Waley-Cohen, who has a good record in the National having finished second, fourth and fifth in four starts, said he believes his gallant little horse will take to the fences.

- Headgear not required -

“I think the size of the fences and the fact they are something he’s never seen before will help with his concentration, I don’t think he’ll need any headgear,” said the 31-year-old, who is a dentist by profession.

“It’s a race that has been very kind to me and as Long Run has had such an impact on the life of everybody in our family, it would be amazing if he could win it.”

For Henderson the National represents the one major race he has yet to win despite going close on several occasions and the 63-year-old has another live contender in Triolo d’Alene, who won the top class Hennessy Gold Cup last November.

Waley-Cohen for his part believes Teaforthree represents the greatest danger, and a decent run in the Gold Cup suggests he can improve on last year’s third place behind outsider Auroras Encore.

Teaforthree’s trainer Rebecca Curtis — who is bidding to give Wales their first winner since Kirkland in 1905 — calls him a horse in a lifetime but says winning would not make it special because she would be only the third woman to train the winner after Jenny Pitman (1983 and ’95) and Venetia Williams in 2009.

“I don’t think it makes a difference what sex you are as long as you’re doing all right,” the 33-year-old told the Daily Mail.
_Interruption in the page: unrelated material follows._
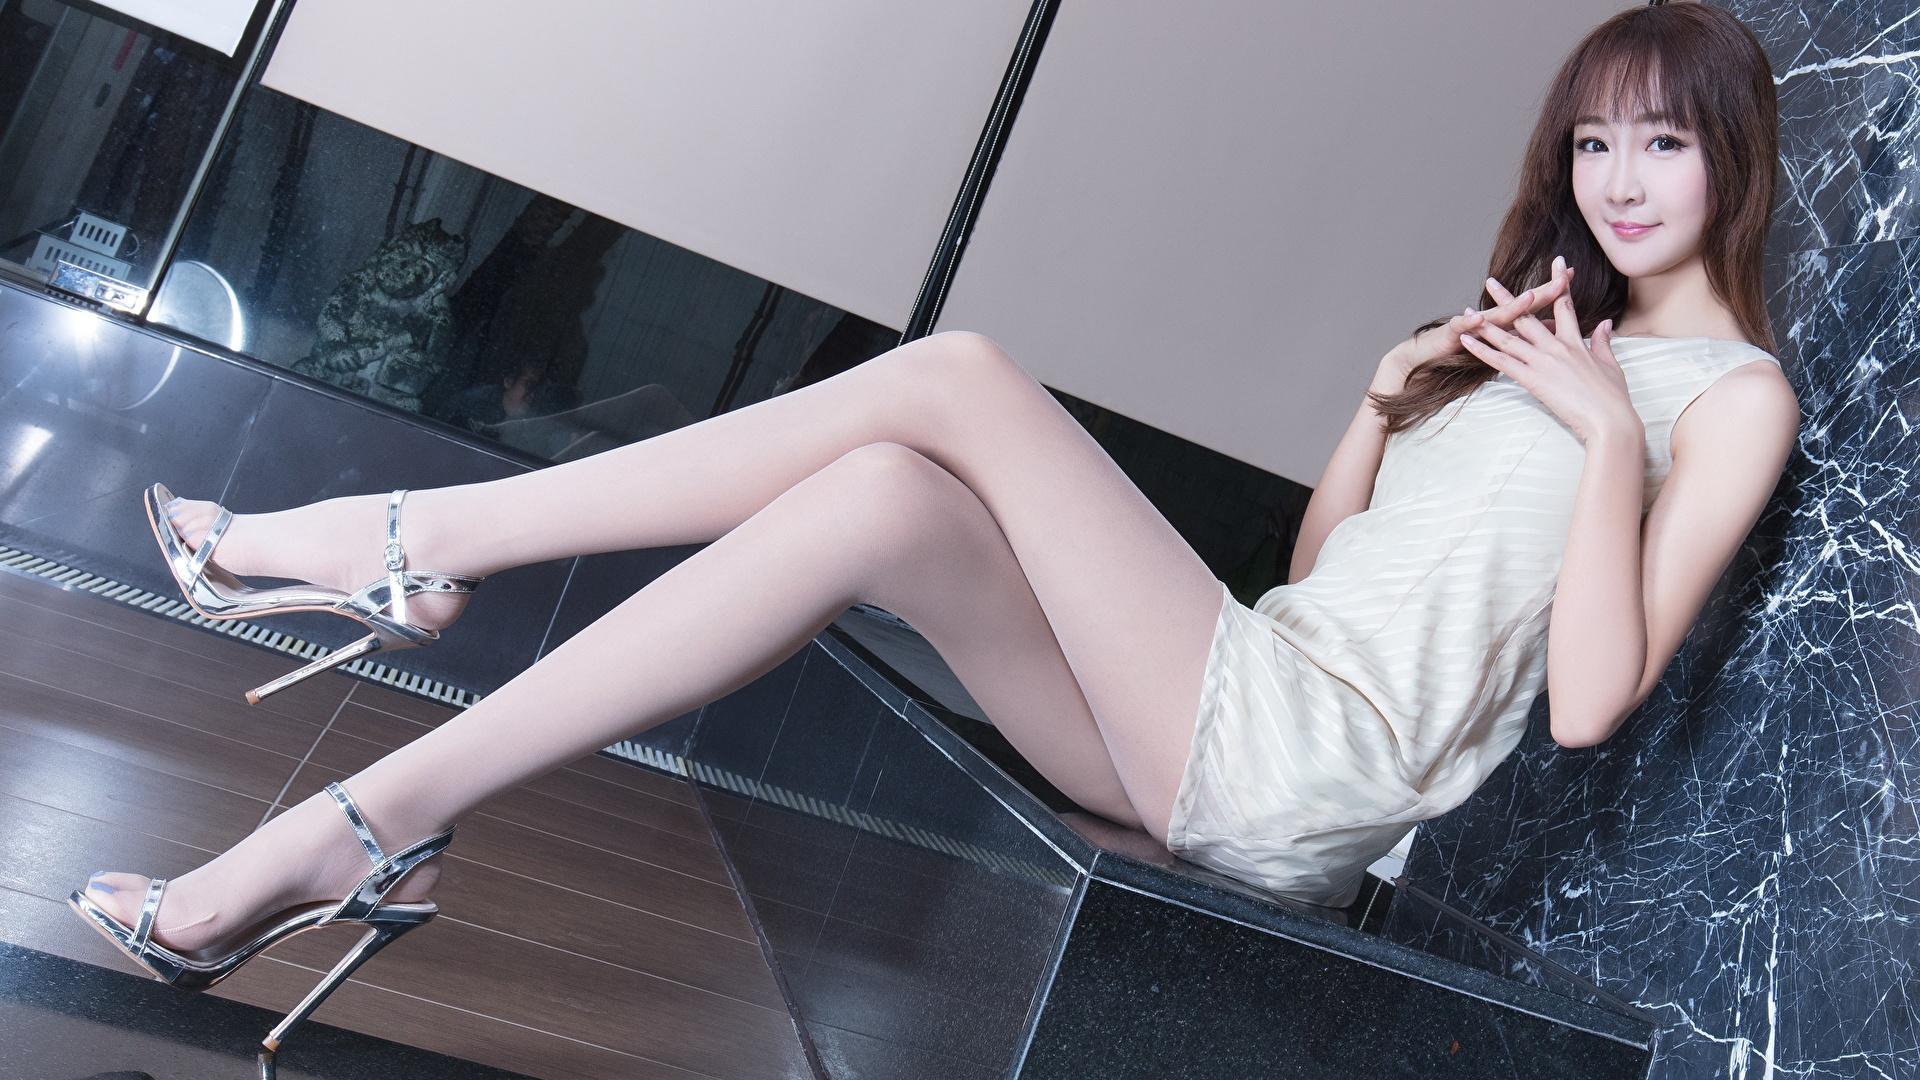 Sfondi del desktop Collant Bruna ragazza giovani donne Asiatici Le gambe Seduto Braccia Abito Scarpe con tacco 1920x1080 ragazza capelli neri ragazza Ragazze giovane donna asiatico seduta sedute Le mani Vestito

“It’s results everyone notices. I don’t think being a woman trainer is seen as out of the ordinary anymore because there’s plenty of female trainers who do as well as the men.”

Others to consider as live chances would be champion jockey AP McCoy’s mount Double Seven — bidding to give the Irish their first win since Silver Birch in 2007 and trained by 2006 winning trainer Martin Brassil — Monbeg Dude, co-owned by former England rugby captain Mike Tindall, and Balthazar King, who is unbeaten this season.